I haven't received or given physical affection in a very long time, not even hugging my parents,sisters etc. But that's my fault (long story).
I need to be touched, I need skin to skin contact. I'm going to sound weird but if I haven't had human contact in a while I find myself pretending to accidentally brush up of bump into people (people I know, not strangers...I'm not that weird). I don't really know why I do it, perhaps it's because it's the closet I'm gonna get to actual affection....


----------



## SUPERJERKASS (Aug 29, 2009)

HollyGolightly said:


> I haven't received or given physical affection in a very long time, not even hugging my parents,sisters etc. But that's my fault (long story).
> I need to be touched, I need skin to skin contact. I'm going to sound weird but if I haven't had human contact in a while I find myself pretending to accidentally brush up of bump into people (people I know, not strangers...I'm not that weird).

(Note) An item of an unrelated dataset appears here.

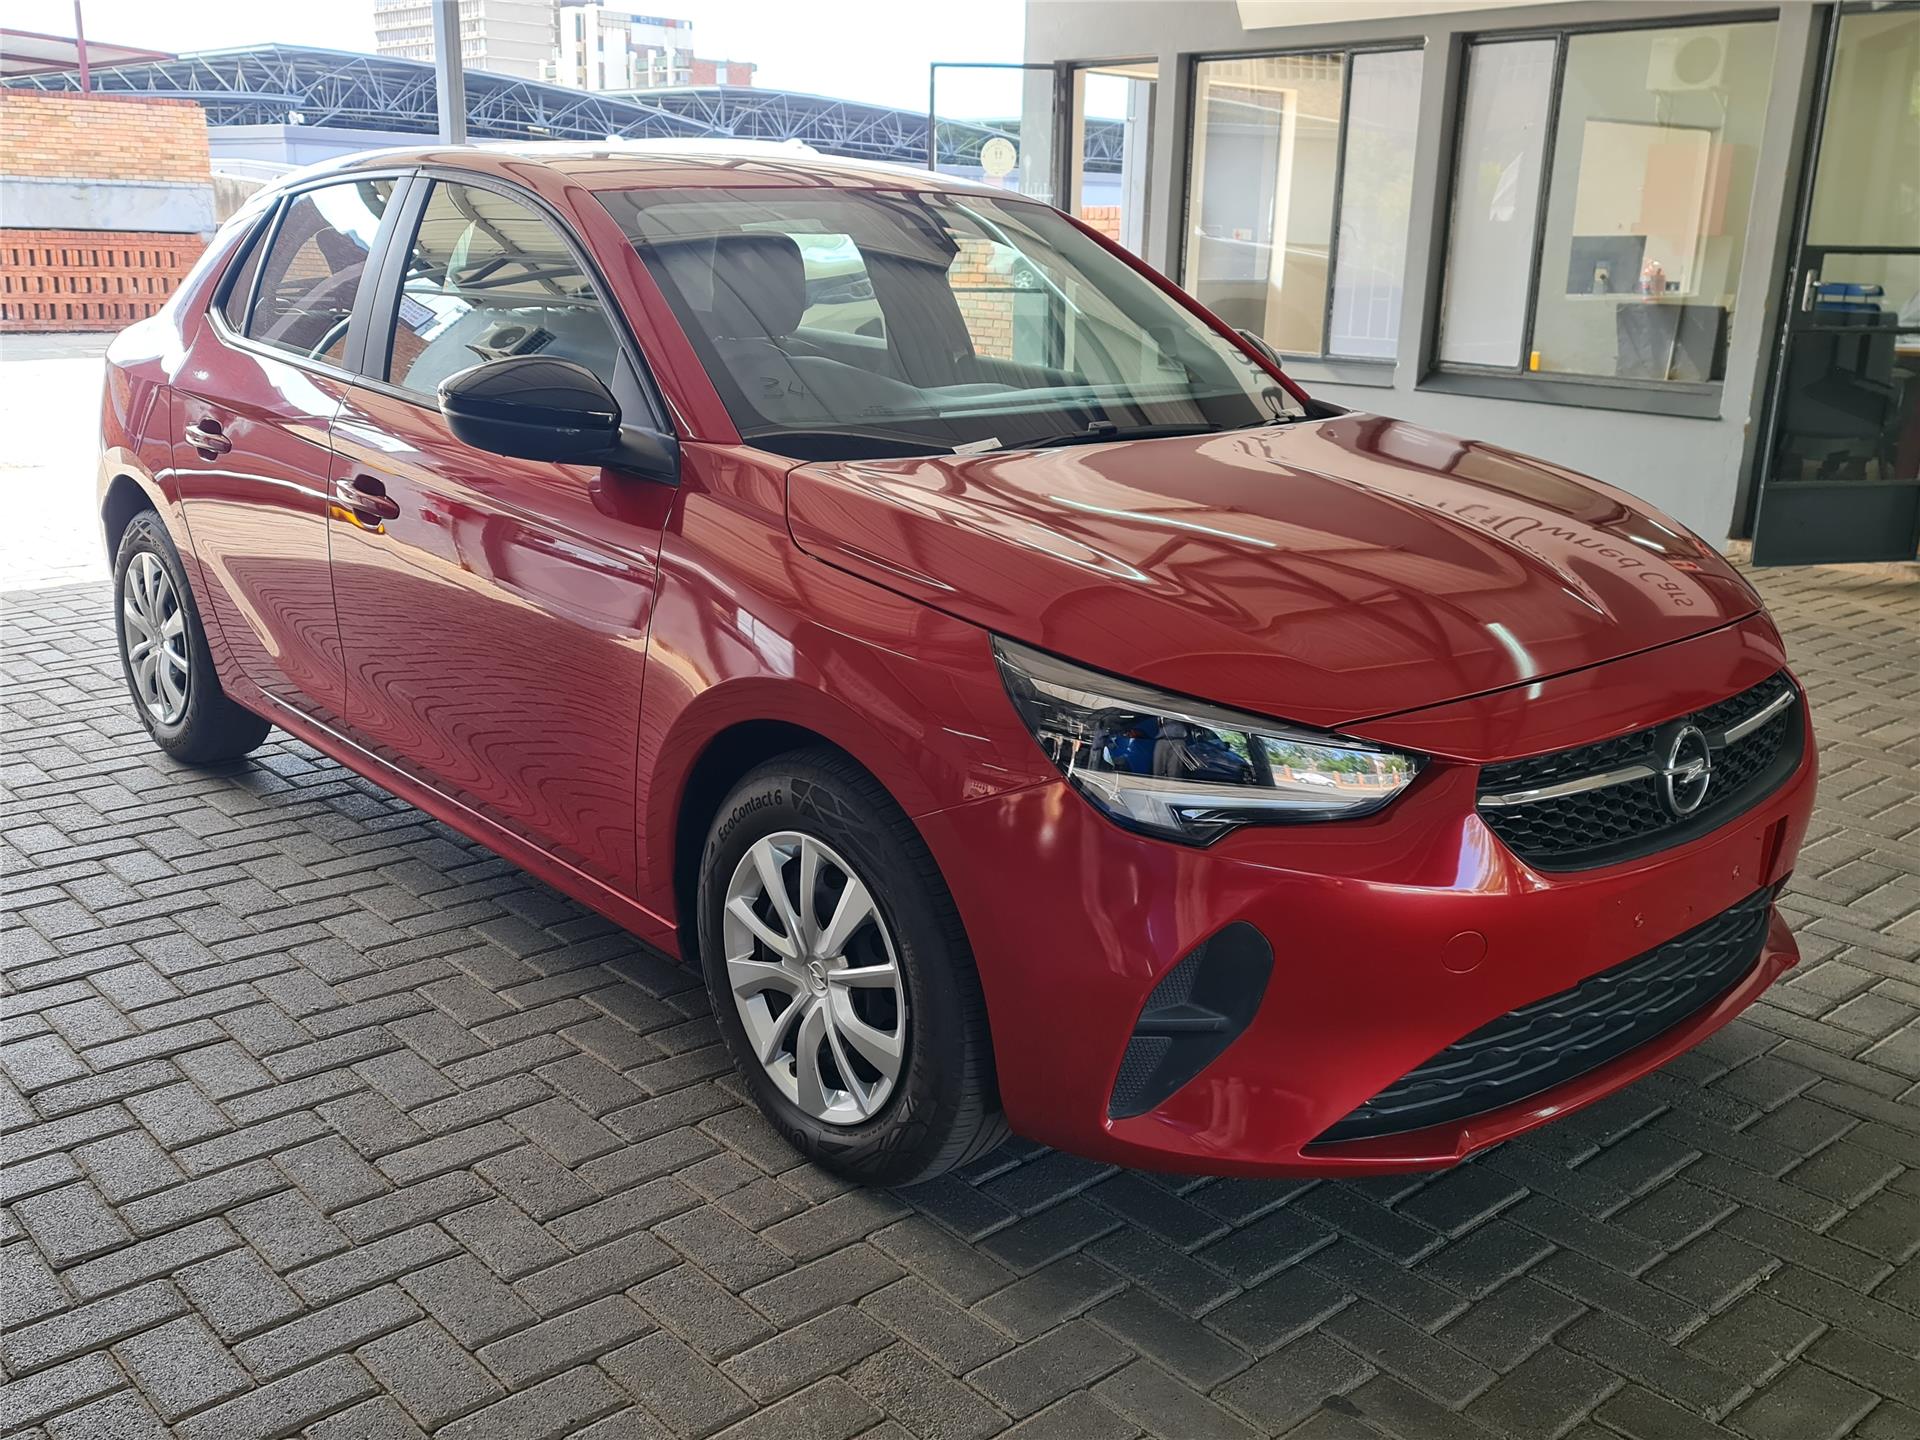 Used 2018 Opel Cars for Sale in Limpopo, South Africa

I don't really know why I do it, perhaps it's because it's the closet I'm gonna get to actual affection....


we could touch each other if you would like i haven't had any physical attention for about a year now. and the sick part is my divorce will be final this month.


----------



## TreeBob (Oct 11, 2008)

SUPERJERKASS said:


> we could touch each other if you would like i haven't had any physical attention for about a year now. and the sick part is my divorce will be final this month.


ok this is sounding weird now.


----------



## HollyGolightly (Aug 8, 2009)

SUPERJERKASS said:


> we could touch each other if you would like i haven't had any physical attention for about a year now. and the sick part is my divorce will be final this month.

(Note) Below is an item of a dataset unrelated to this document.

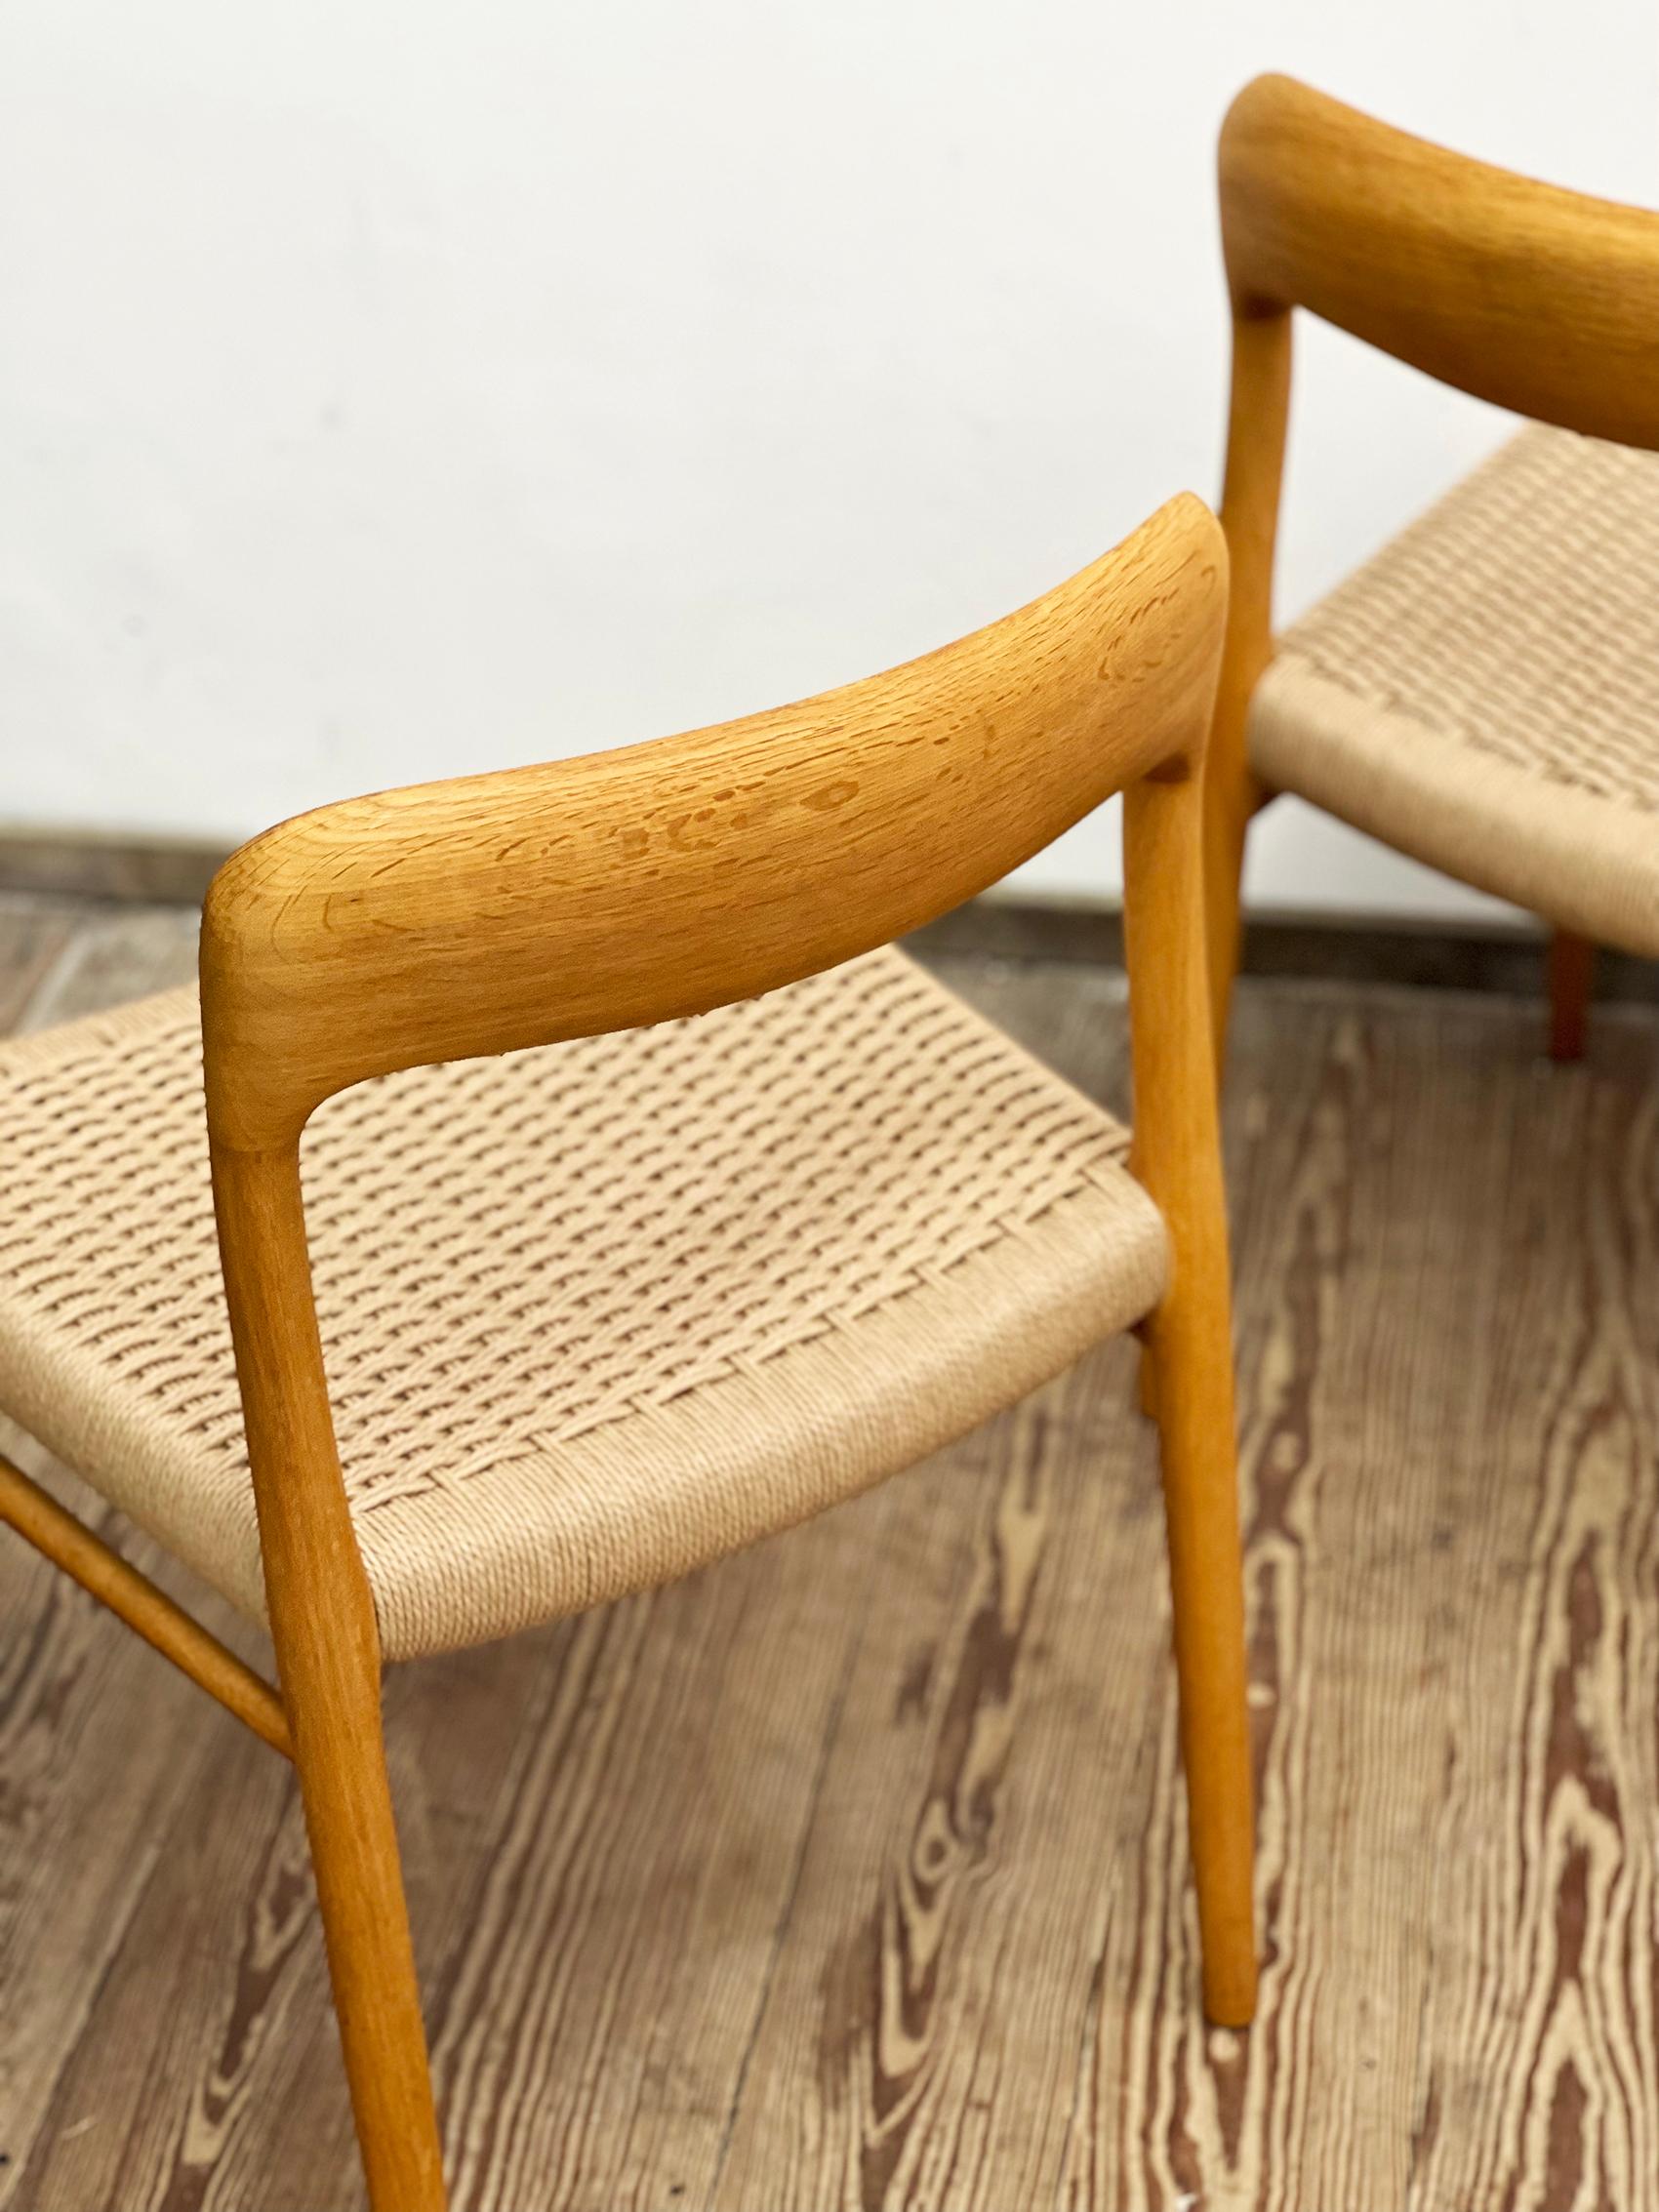 Mid-20th Century Pair of Mid-Century Oak Dining Chairs #75, Niels O. Møller for J. L. Moller For Sale

I'll shake your hand *shakes hand*
(I'm only 17 by the way so it goes no further than that. Plus my INTJ wouldn't be happy ).

I've had no affection for almost 2 years. My choice though.


----------



## SUPERJERKASS (Aug 29, 2009)

TreeBob said:


> ok this is sounding weird now.


why is that?


----------



## TreeBob (Oct 11, 2008)

SUPERJERKASS said:


> why is that?


Cause of what she just told you.


----------



## SUPERJERKASS (Aug 29, 2009)

HollyGolightly said:


> I'll shake your hand *shakes hand*
> (I'm only 17 by the way so it goes no further than that. Plus my INTJ wouldn't be happy ).
> 
> I've had no affection for almost 2 years. My choice though.


Check lol didnt catch the age before. *shakes hand Runs off before cops come*


----------



## TreeBob (Oct 11, 2008)

SUPERJERKASS said:


> Check lol didnt catch the age before. *shakes hand Runs off before cops come*


Holly has a tendency to come off much older than she is.


----------



## HollyGolightly (Aug 8, 2009)

SUPERJERKASS said:


> Check lol didnt catch the age before. *shakes hand Runs off before cops come*


LOL it's okay. I had a feeling you didn't know.


----------



## SUPERJERKASS (Aug 29, 2009)

hells yea you come off as an older chick which is awesome in most cases, just not so much this one.. haha


----------



## 1057 (Apr 9, 2009)

*i had to*


----------



## HollyGolightly (Aug 8, 2009)

LOOL Regan


----------



## crzysttchr (Jul 21, 2009)

well i have found this thread very intersting. as a very touchy feely ENFP... I find that I am awash in lonliness if I can't get/have physical contact of any sort... touching, hugging, kissing... 
being out of an almost touchless marriage and very hurt and lonely, I feel I need more than most. I seem to think that it is as essential as breathing!
now, as for sex and intimacy? I would like it alot of the time... I find that now I crave it... but then again, prolly cause of the marriage failure... Can I say that I never get enuf of either?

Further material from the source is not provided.